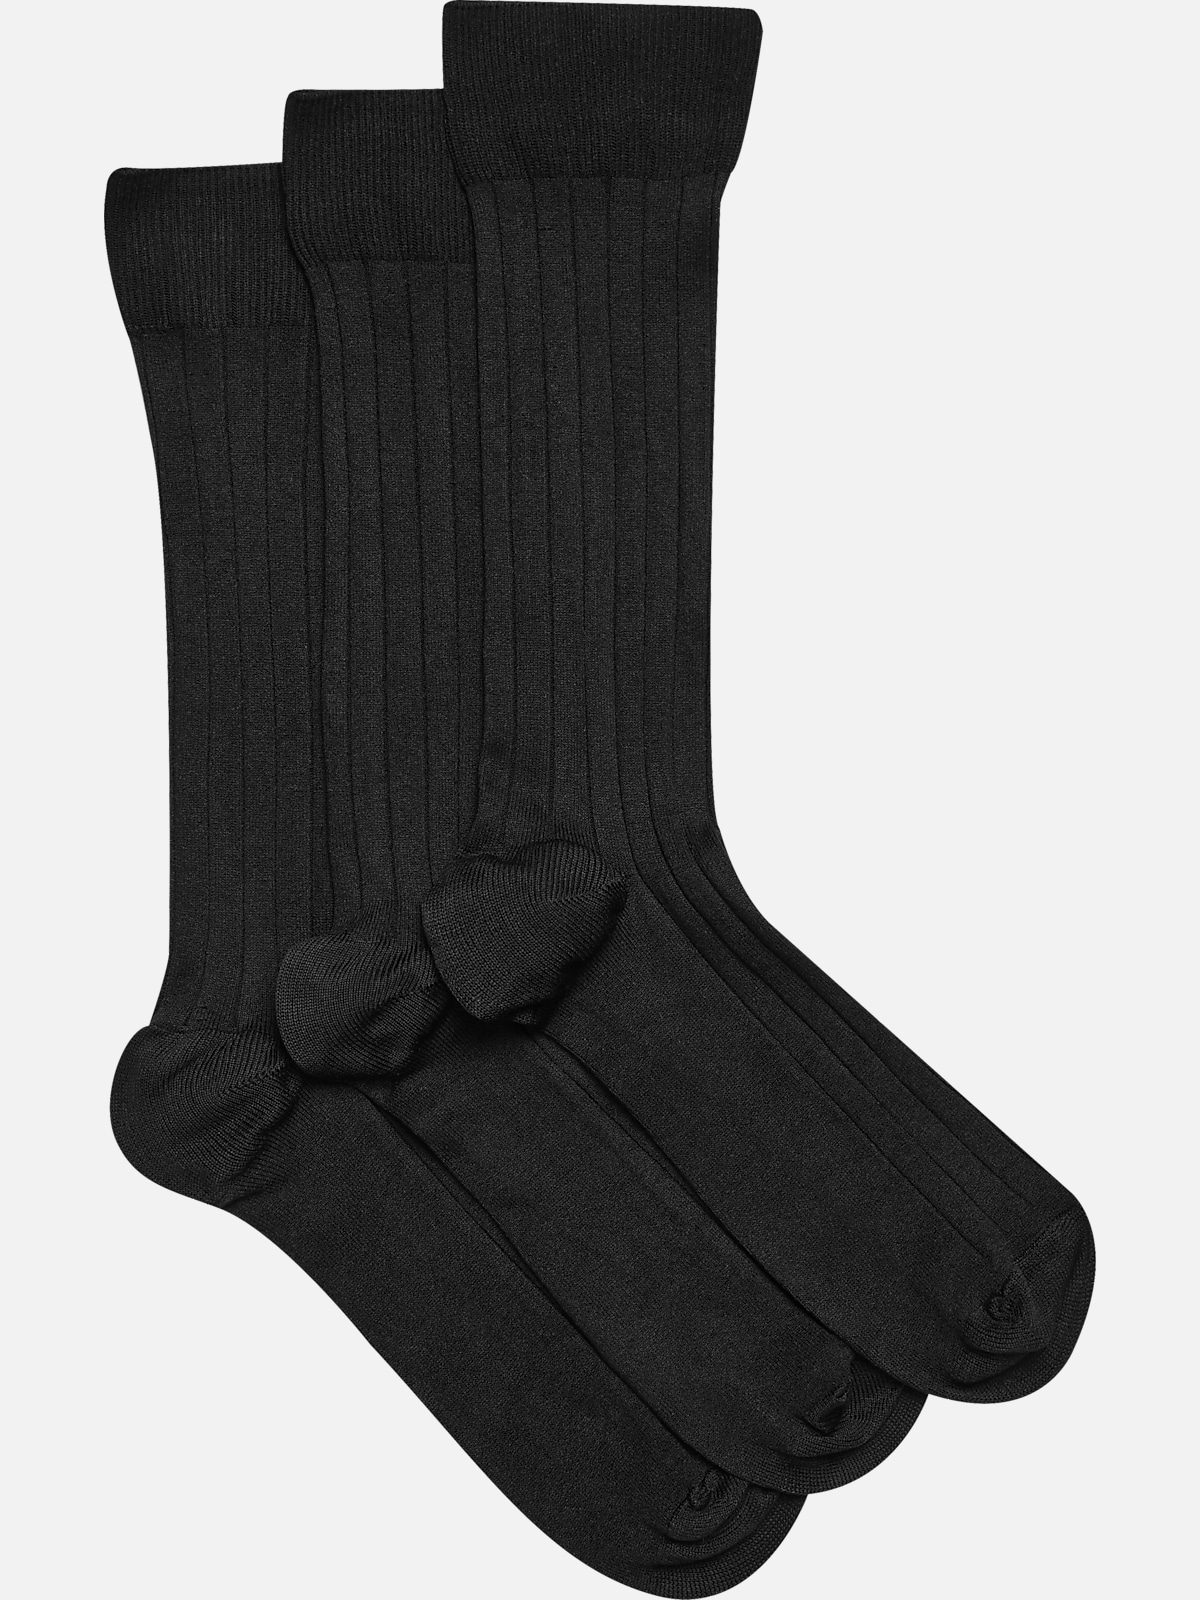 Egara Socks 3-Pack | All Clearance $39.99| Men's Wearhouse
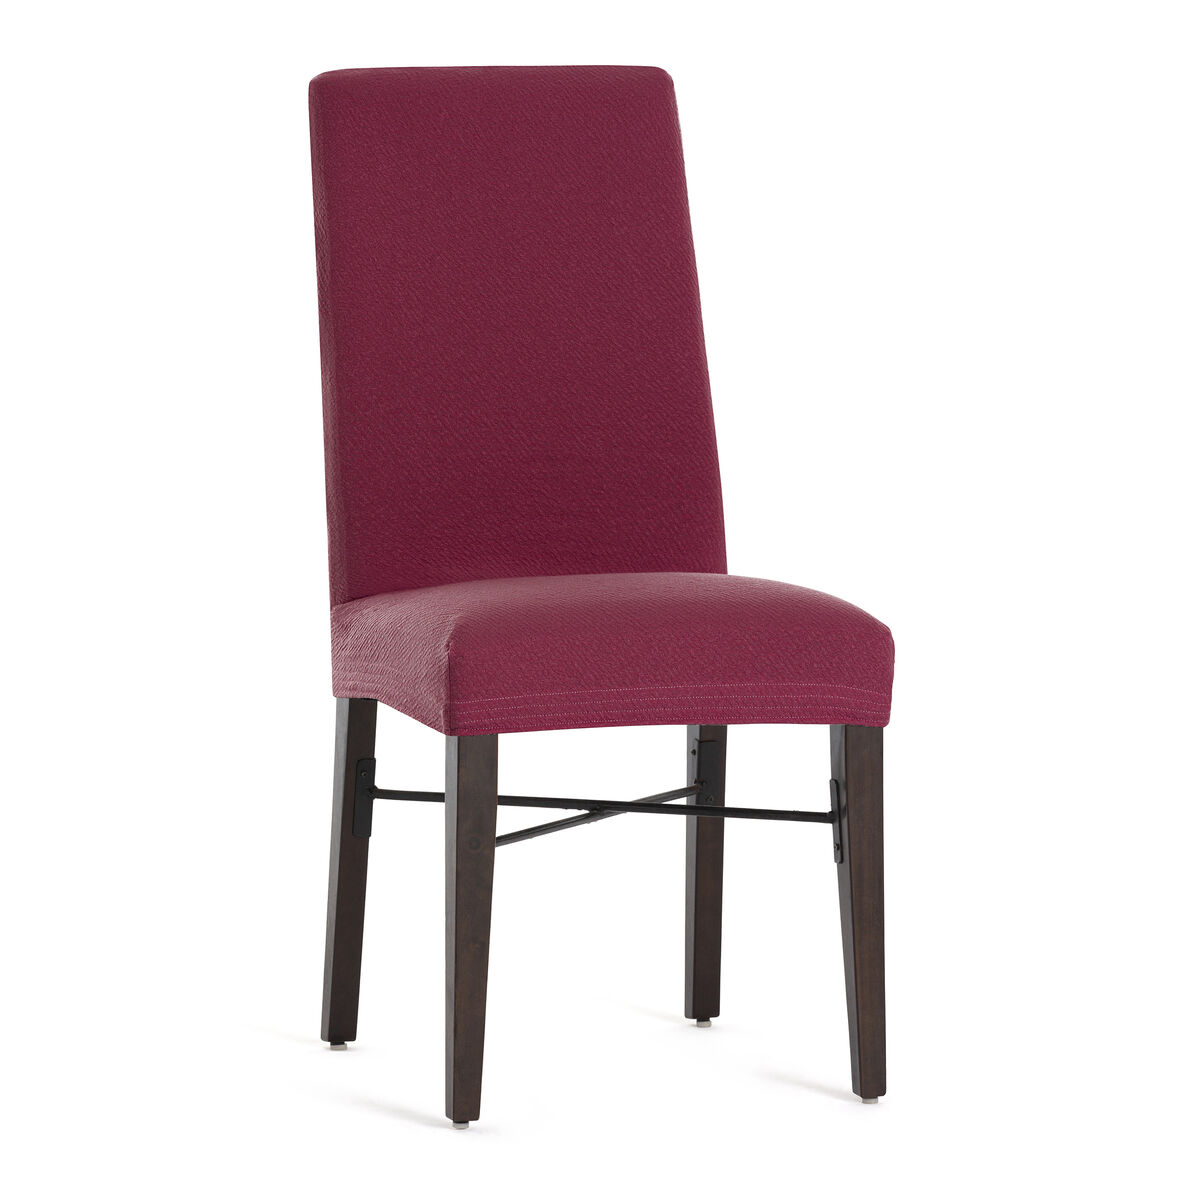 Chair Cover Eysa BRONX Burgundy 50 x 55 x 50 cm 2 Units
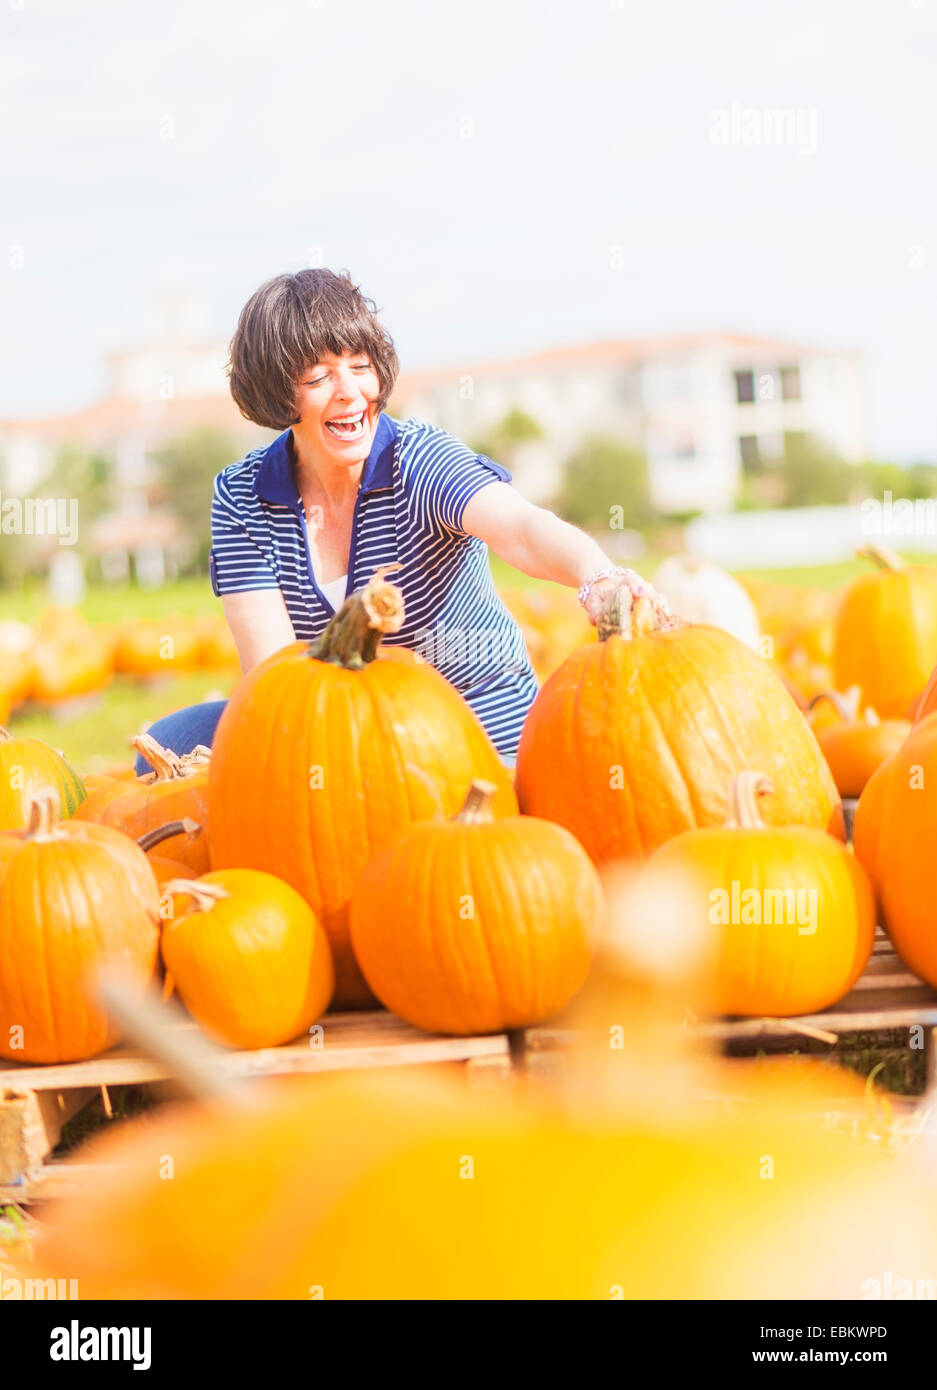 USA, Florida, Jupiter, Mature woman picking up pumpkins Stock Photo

▬▬▬▬▬▬▬▬▬▬

Work instructions –
Leave out the pictures and copy the rest of the material above exactly.

Answer box –
 Egara Socks 3-Pack | All Clearance $39.99| Men's Wearhouse
 Chair Cover Eysa BRONX Burgundy 50 x 55 x 50 cm 2 Units
 USA, Florida, Jupiter, Mature woman picking up pumpkins Stock Photo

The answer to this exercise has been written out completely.